Obreht: I wish I could say that I had control enough over my obsessions to be making deliberately audacious moves. The more I write, the more I accept that I’m the kind of writer whose projects pick her rather than vice versa. I tried writing two—well, technically two and a half—novels between The Tiger’s Wife and Inland. One leaned very heavily into Balkan themes; the other was a realist western about disreputable doctors. Neither worked, but I think both had to be written for me to figure out what it feels like to really be writing the right project. And I didn’t find that until I bumped into the true story on which Inland is based—which, despite being set in the American west, still featured many of the same essential ingredients that made up The Tiger’s Wife: ghosts; turn-of-the-century Balkan people; a man who has a personal relationship with death; a possibly mythological animal about whom a young boy is curious. Ultimately, I think Inland turned out to be the right project because it allowed me to keep asking some of the questions that still lingered for me after The Tiger’s Wife. Of course, as is so often the case, I didn’t realize that until after I’d finished it.  

Atemnkeng: I have this weird interest in origin stories and original artefacts, such as handwritten manuscripts of novels, poems, paintings etc. Please tell me the story of how you wrote the first draft of The Tiger’s Wife. Were you scribbling first in a notebook? Or did you write directly on a computer? Where is that original manuscript of The Tiger’s Wife stored? How will you feel if it goes missing? 

Obreht: Your fascination with artefacts is going to be a touchstone for both your work and your life as a writer. I look forward to checking in on this prediction as the years pass. I wrote the first draft of The Tiger’s Wife on the computer—I edit sentences as I write them, so longhand, for me, has been quite torturous for many years. Unfortunately, this is quite unromantic: it means the “original” manuscript exists on the now-decommissioned laptop on which it was written, but also on an external hard drive, and in the inboxes of its first readers. However, there’s an annotated draft of The Tiger’s Wife, a first galley, and a first edition hardcover that went on tour with me in 2011, and into which I scribbled people’s recommendations and email addresses and stuffed little pamphlets and bookmarks. I would be devastated if any of them went missing. All three are at my mother’s house—specifically because things don’t go missing from there. 

Atemnkeng: I would love to steal a glance at that “rockstar first edition” copy of the novel. I’m also thinking that technology played an important role in the first draft looking like the finished product, which was not the case for all the paper written manuscripts of the past, probably reddened with editors’ ink or considerably marked with content and line edits. I’m wondering how technology will shape how future novels are written. Téa, do you think future novelists (if media doesn’t completely kill them all) will be writing by speaking to word processors on their nail-sized phones as they move around in electric, driverless cars? Will they be eye-clicking on 5D devices? Or will there simply be a telepathic machine that will just type the scenes and dialogue in their brains, as they lie on their beds all day introspecting and weaving stories?  
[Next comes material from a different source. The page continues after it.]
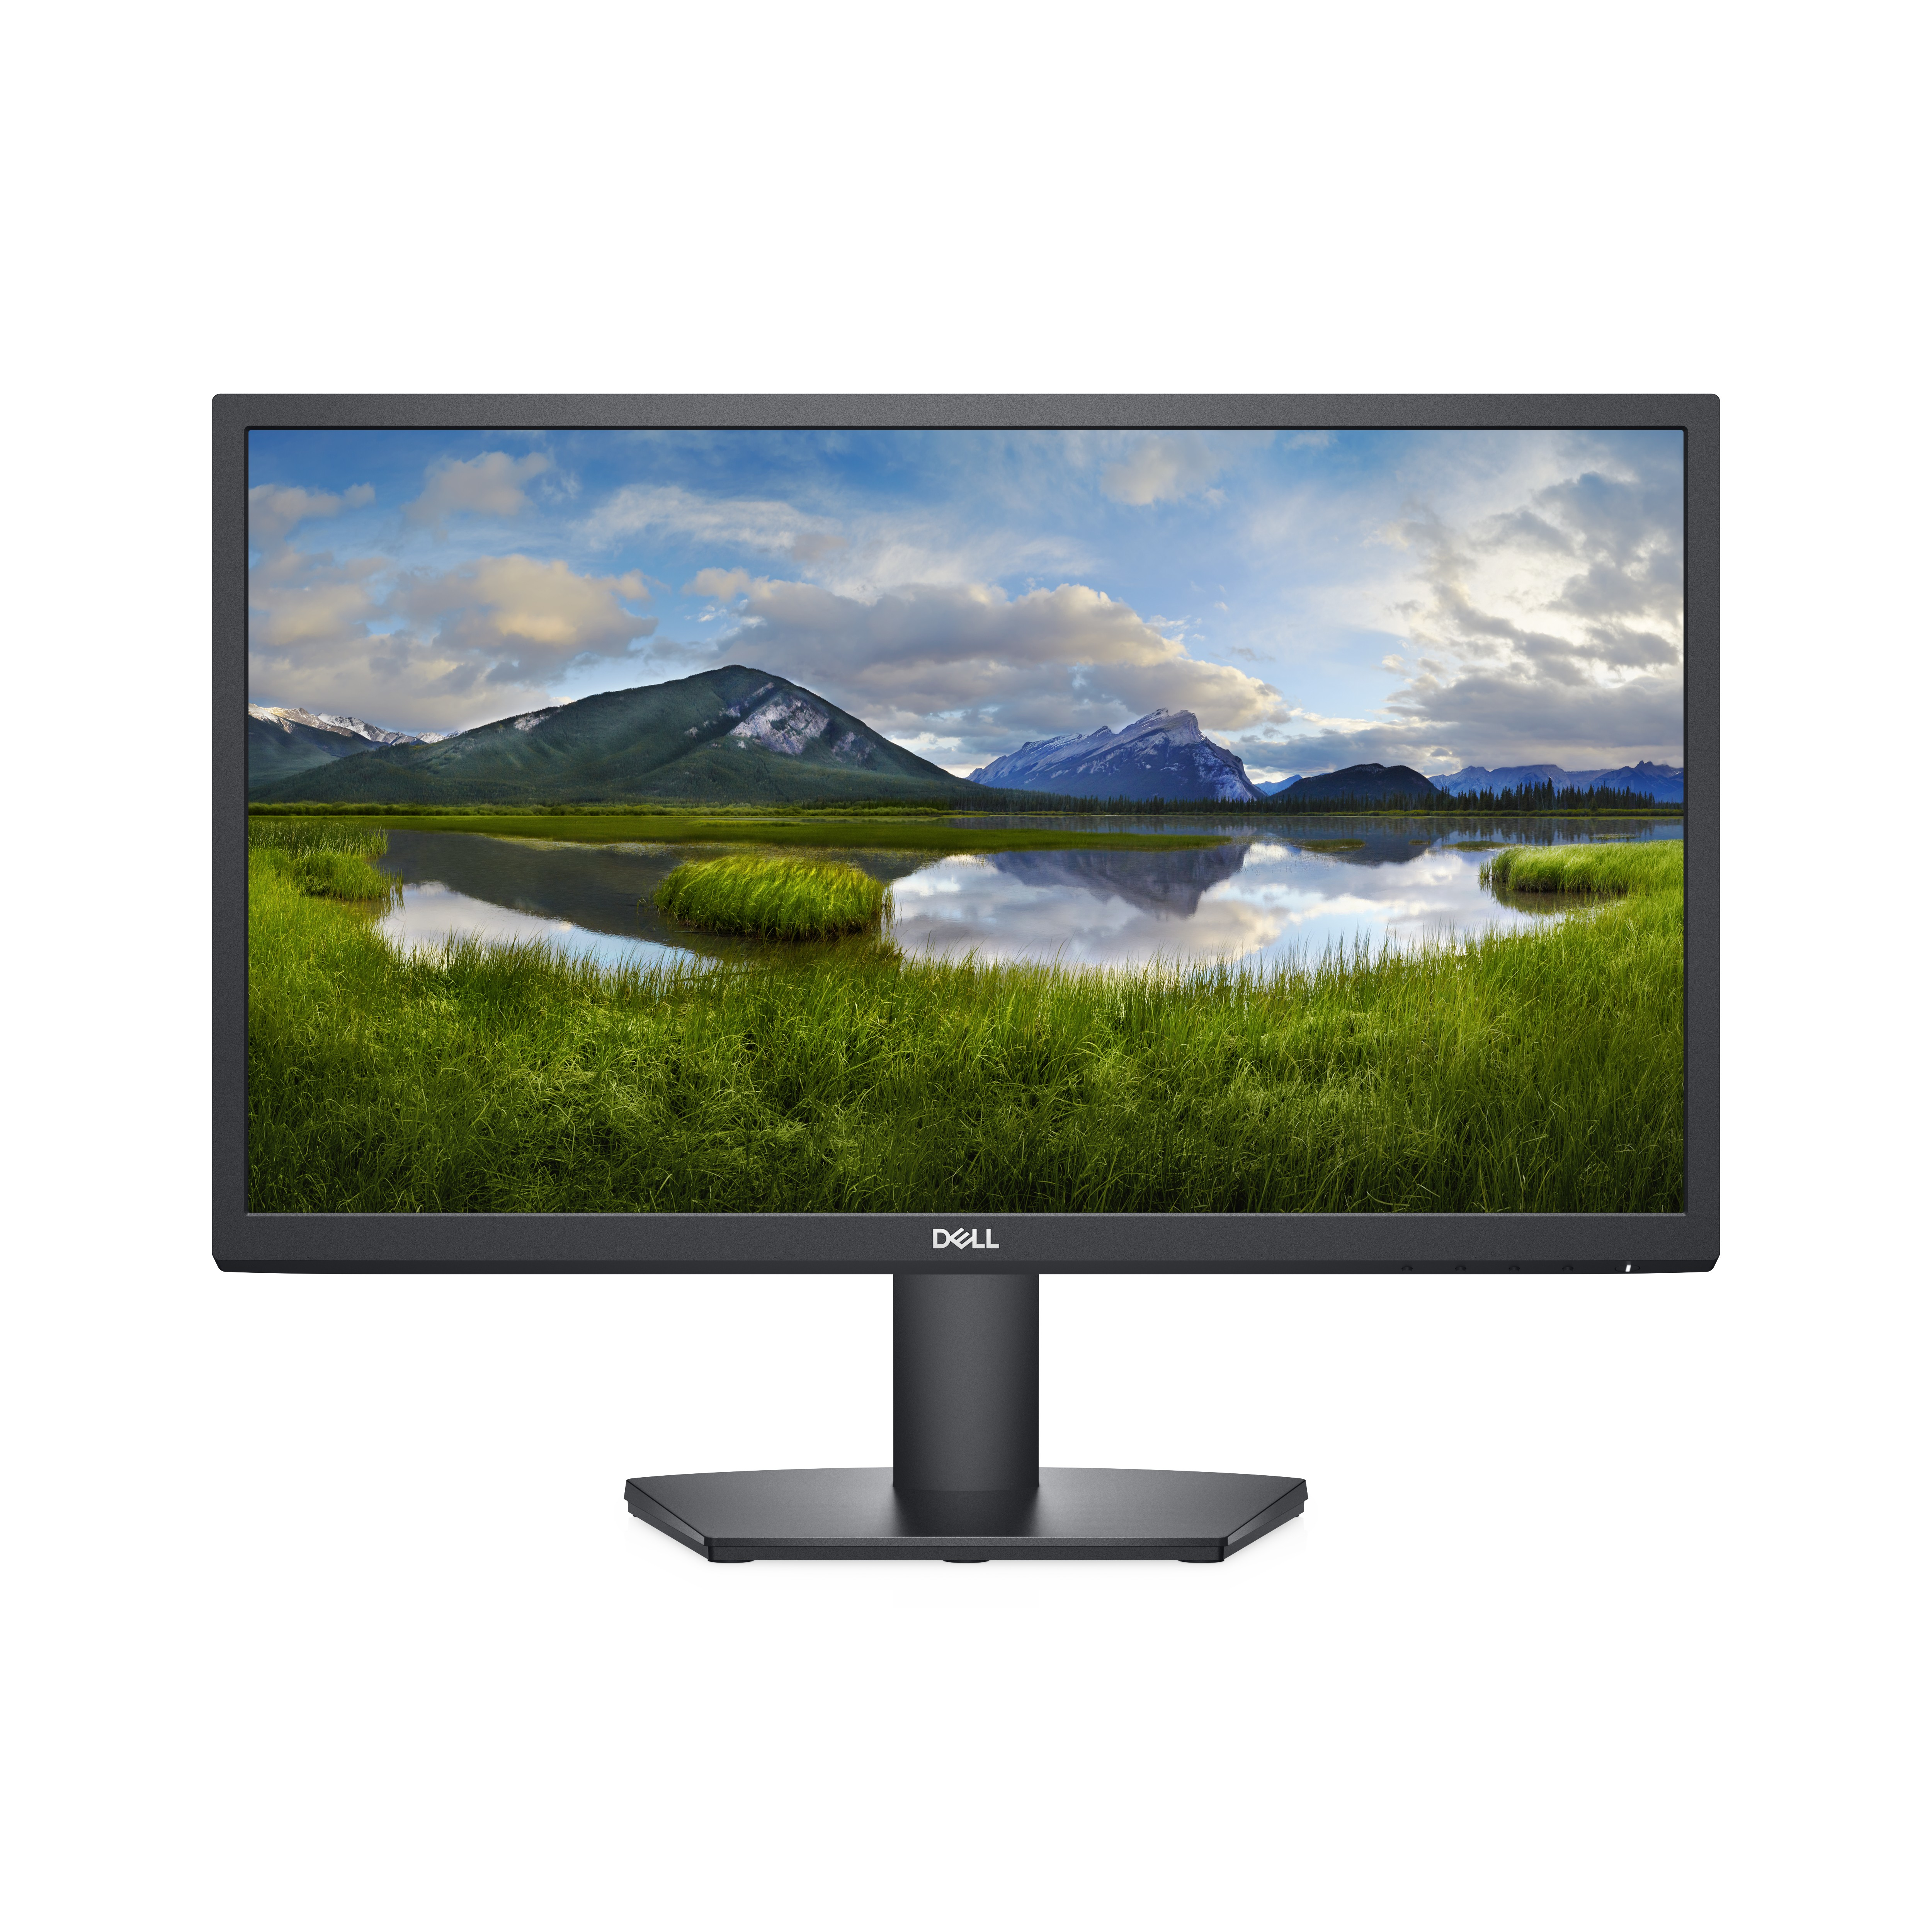 DELL SE2222H computer monitor
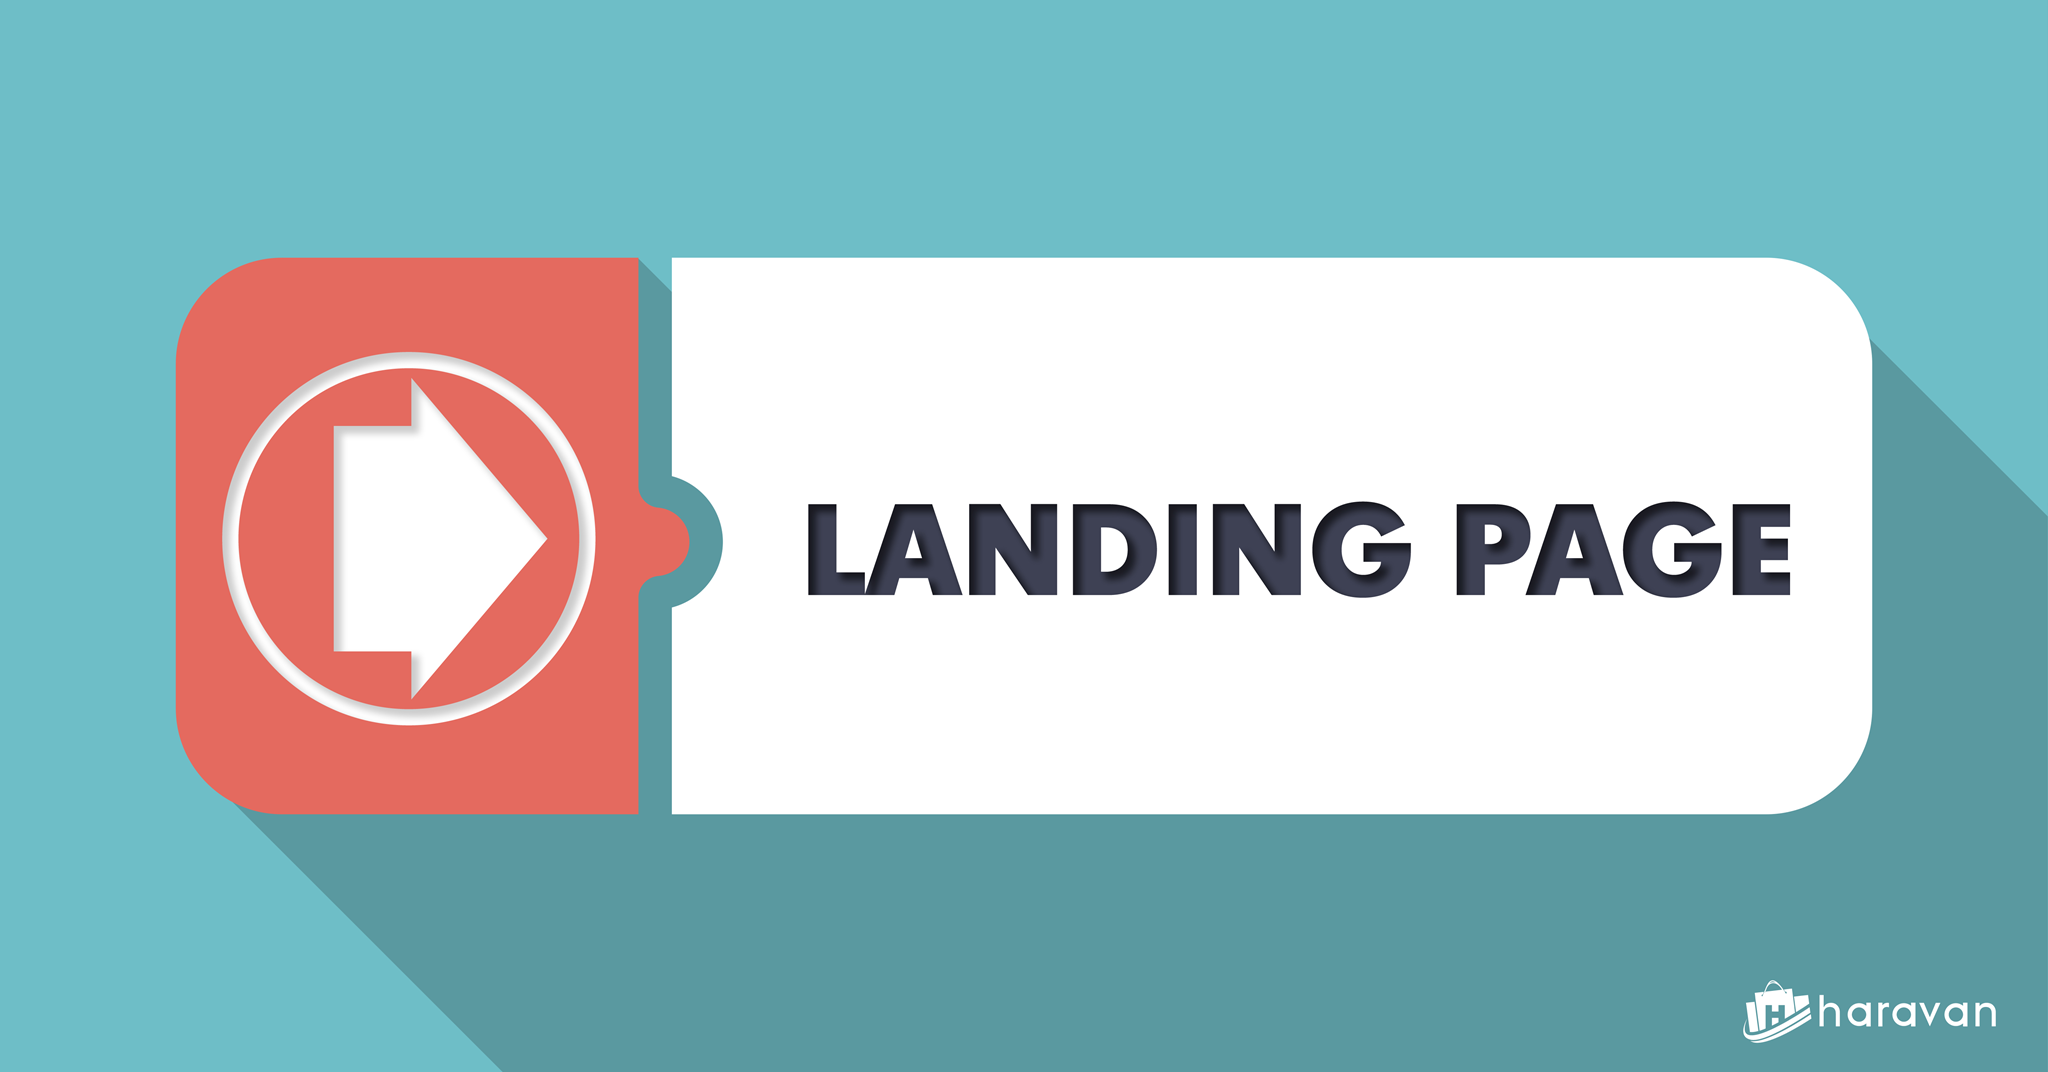 Cùng tìm hiểu cấu trúc của một Landing Page giới thiệu giải pháp, dịch vụ hiệu quả

Obreht: This is an incredible question. I wish it were within my powers to imagine how future novels will be written because I think the form itself is evolving in new and fascinating ways, many of which are already inaccessible and incomprehensible to me, stuck as I am in my ways of both thinking and creating. However! I do think that what has endured through the evolution of the form has been the ability of prose to access interiority and create consciousness. I believe we read fiction in order to inhabit minds other than our own, to imagine ourselves into times and dilemmas we might otherwise never experience. To be able to say: I don’t agree with this character at all, but I am with them. And I do think that core necessity will remain.